Na esfera dos cargos, o trabalho em equipe é fundamental. Hoje em dia, cada vez mais esse trabalho está sujeito às restrições jurídicas que pretendem garantir justiça e algo semelhante à objetividade: avaliação igualitária para candidatos igualmente sérios. Porém pouca gente defende a eliminação total das comissões, aplicar o mesmo exame a todos os candidatos (jamais poderão fazer a mesma entrevista) e tornar automática a posse do cargo para os candidatos que obtiverem tal nota. A comissão é apropriada em razão de seu caráter representativo. O que está em jogo, afinal, não é um cargo abstrato, mas determinado posto, em determinado momento, em determinada repartição ou órgão público, onde outras pessoas e é, ela mesma, o palco do debate constante. A escolha que ela faz, embora limitada por certos critérios universais, é acima de tudo particularista em caráter. Os candidatos não são apenas adequados ou não adequados em termos gerais; também se encaixam ou não se encaixam na vaga que querem preencher. Este último caso é sempre questão de critério e, portanto, requer que exista um grupo de juízes que discutam entre si. Algumas avaliações de adequação, no sentido de “encaixar-se”, são descartadas. Mas a lista de qualidades relevantes é sempre longa – como a dos sessenta “méritos”; e nenhum candidato as possui todas. A particularidade do cargo tem paralelo na particularidade dos candidatos. São indivíduos, com pontos fortes e fracos bem diferentes. Mesmo que alguém acreditasse na escolha da única pessoa merecedora (ou “mais merecedora”) dentre todas, não haveria como identificar tal pessoa. Os membros da comissão de seleção discordariam acerca do equilíbrio adequado de pontos fortes e fracos, e discordariam acerca do verdadeiro equilíbrio de qualquer candidato. Nisso, também começariam por emitir juízos e terminariam com uma votação.
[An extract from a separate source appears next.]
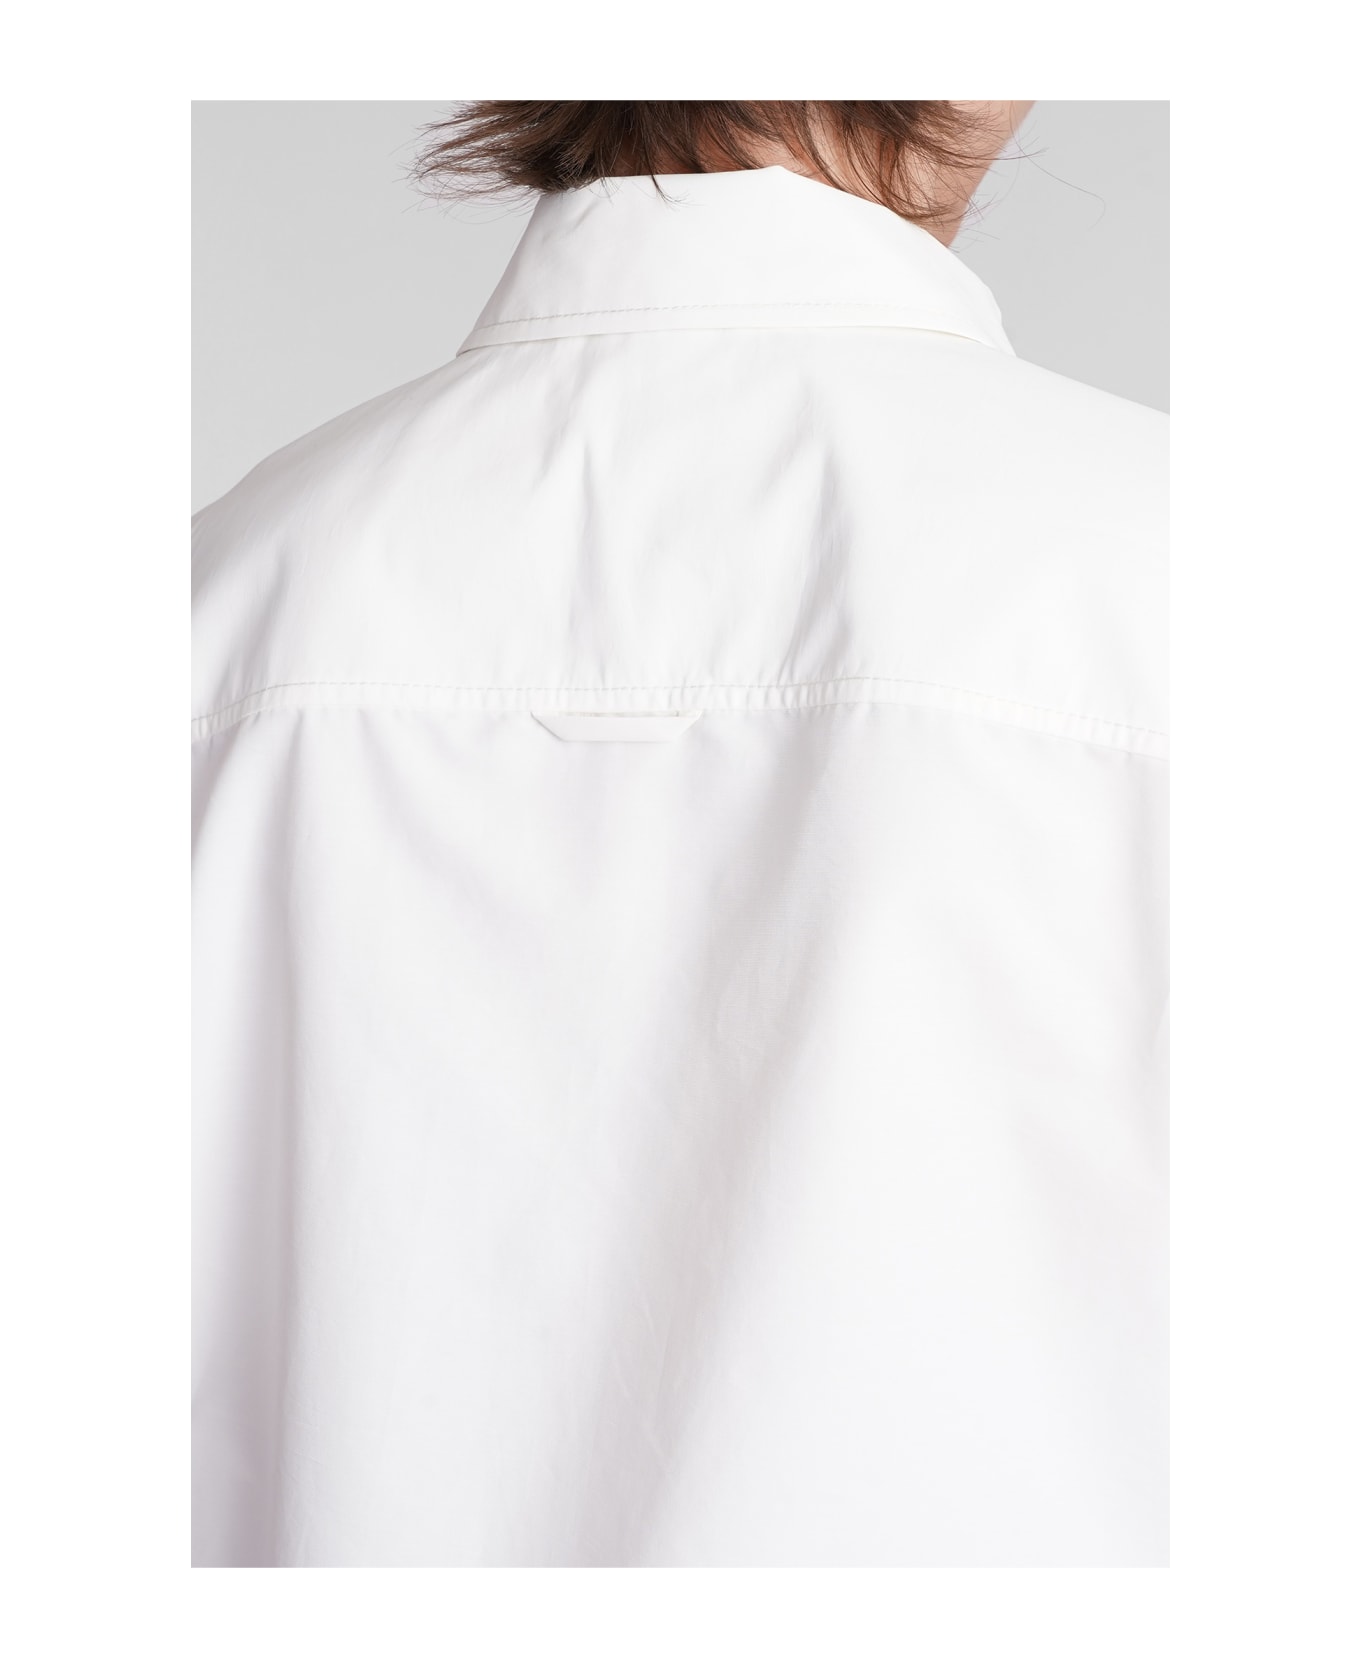 Simkhai Ryett Shirt In White Cotton - white シャツ

Os defensores da meritocracia têm em mente um objetivo simples, porém de longo alcance: um lugar para cada pessoa e cada pessoa em seu lugar. Houve época em que se achava que Deus cooperava nesse esforço; atualmente, há necessidade de interferência do Estado.
Mas essa é uma concepção mística da ordem social e está longe da nossa interpretação complexa de pessoas e lugares. Insinua que, em princípio, dadas as informações completas, todas as seleções devem ser unânimes, com as quais concorde não só a comissão de seleção e os candidatos bem-sucedidos, mas também os candidatos reprovados – exatamente como os veredictos judiciais, quando até os criminosos condenados devem ser capazes de reconhecer que receberam o que merecem. Na prática, as seleções não são assim; nem é possível que sejam assim, a não ser que imaginemos um mundo onde, além de poder prever, pudéssemos prognosticar o desempenho futuro de todos os anos por vir. Mesmo então, desconfia-se que as argumentações das comissões de seleção seriam diferentes das argumentações dos júris, mas a natureza exata da diferença seria difícil de discernir.